Ciao Licia
Un momento della vita di Licia Pinelli tratto da: Una storia quasi soltanto mia, Intervista di Piero Scaramucci a Licia Pinelli, Feltrinelli, 2009.
Piero. Il funerale di Pino, 20 dicembre 1969, io lo ricordo come una giornata di sconfitta. Era passata una settimana dalla strage di Piazza Fontana, Valpreda era stato arrestato cinque giorni prima, e lì c’erano solo mille o duemila persone, pochissimi compagni, il movimento aveva avuto paura.
Licia. A me quel momento sembrava moltissima gente, anzi ero esterrefatta. Agli altri poteva sembrare poca, a me sembrava moltissima. Noi conoscevamo tanta gente, ma uno non pensa che possano venire al funerale, pensi che sia una cosa solo tua, che devi affrontarla da sola. Sgridavo mia mamma perchè aveva cominciato a piangere. Lo sforzo di non lasciar trapelare i sentimenti. Per non dargli la soddisfazione.
E’ tanto più facile dimostrare i sentimenti. Ero tutta tesa in questo sforzo, questa fatica. Vedevo poco attorno.
Poi sono venuti a farsi riconoscere i compagni di lavoro di Pino, erano lì a titolo personale, non in rappresentanza delle Ferrovie. Ho visto i ragazzi ai quali avevo battuto le tesi.
I parenti che con una cosa di questo genere pensi che magari non vengano. Tanti vicini di casa di via Preneste. Ricordo anche due donne del 114 di viale Monza dove stavo da ragazza, erano lì che piangevano.

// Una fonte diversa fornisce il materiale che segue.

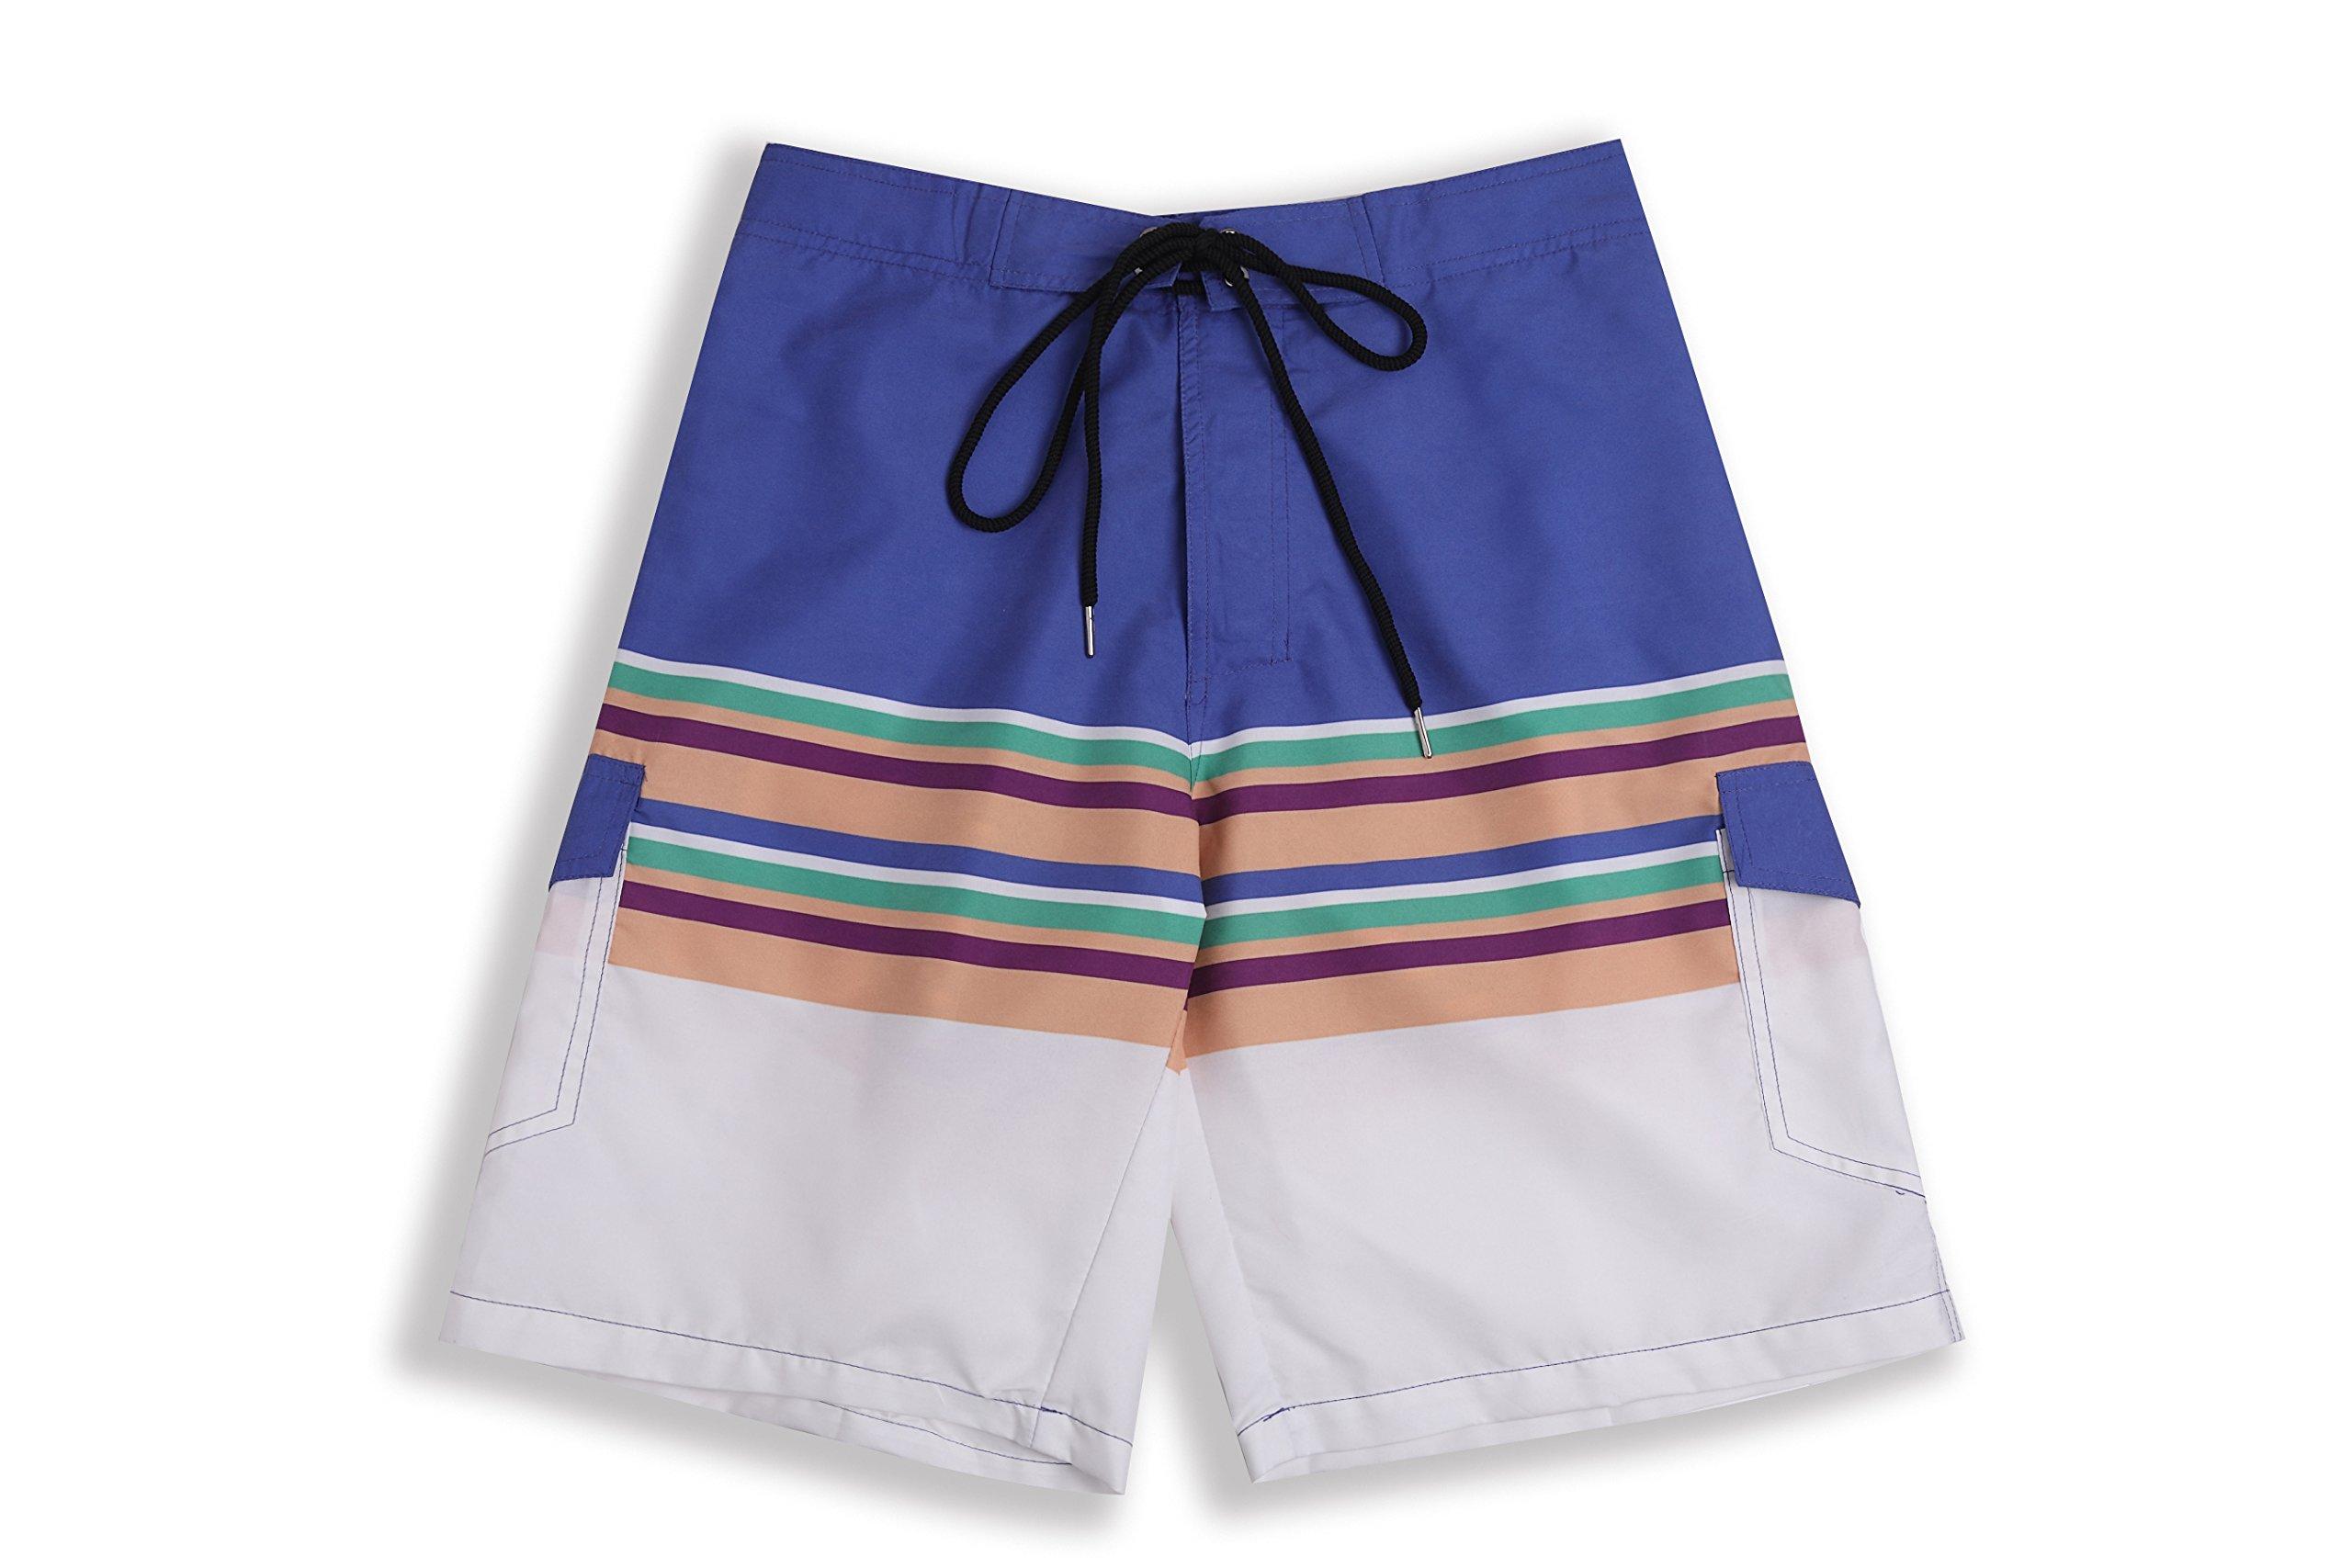 Hopioneer Men's Striped Beach Shorts - Quick Dry Swimwear Board Shorts with Pockets

I compagni di Pino, uno con una bella faccia piena di umanità che sembrava uscito da una vecchia stampa, col cravattone nero e la bandiera, era venuto da Canosa di Puglia apposta.
Era tantissima gente se pensi alla paura di quei giorni, al linciaggio. All’Università solo in ventitrè avevano firmato quella lettera in cui dicevano di non credere al suicidio di Pino.
E tutto il quartiere era circondato da polizia e carabinieri. Polizia dappertutto. E’ la prima cosa che ho visto. Tanto per dirti com’ero: mi è sembrato strano. “Che cosa sono qui a fare“.
Piero. Poi c’è stato una specie di blocco stradale, quasi nessuno è potuto arrivare fino al cimitero, a Musocco c’era una cinquantina di persone al massimo.
Licia. Io mi ricordi di me stessa davanti alla fossa.
Ho consegnato la bandiera nera da mettere sulla bara, ceedo che l’avesse portata Augusta, la giornalaia dell’edicola di via Orefici. Ma ricordo soprattutto questa atmosfera pervasa di tragedia che aveva preso tutti e che di solito non c’era nei cimiteri.
E poi veramente non è che vedessi molto, facevo le cose che dovevano essere fatte, come se mi fissassi solo su quell’obiettivo, senza vedere nient’altro.
Mi avevano dato un tranquillante e a momenti svengo davvero perchè non sono tipo da medicine, mi era rimasto sullo stomaco.
Ricordo il pianto isolato di una donna, un singhiozzo. Più che altro ricordo dei suoni e l’atmosfera, il cielo cupo. Non riesco più ad andare ai funerali e sentire la terra che cade sulla bara.
All’uscita ho sentito un ragazzo che parlava di fare una manifestazione. “Non fate sciocchezze“, gli ho detto. Erano pochi e giovanissimi, non volevo che ci scappasse un altro morto.
Piero. In quei momenti pensavi che avresti ottenuto giustizia ?
Licia. Si, me l’aspettavo una giustizia anche da tribunali. Adesso è tutto chiuso ed io sono qui ad aspettarla.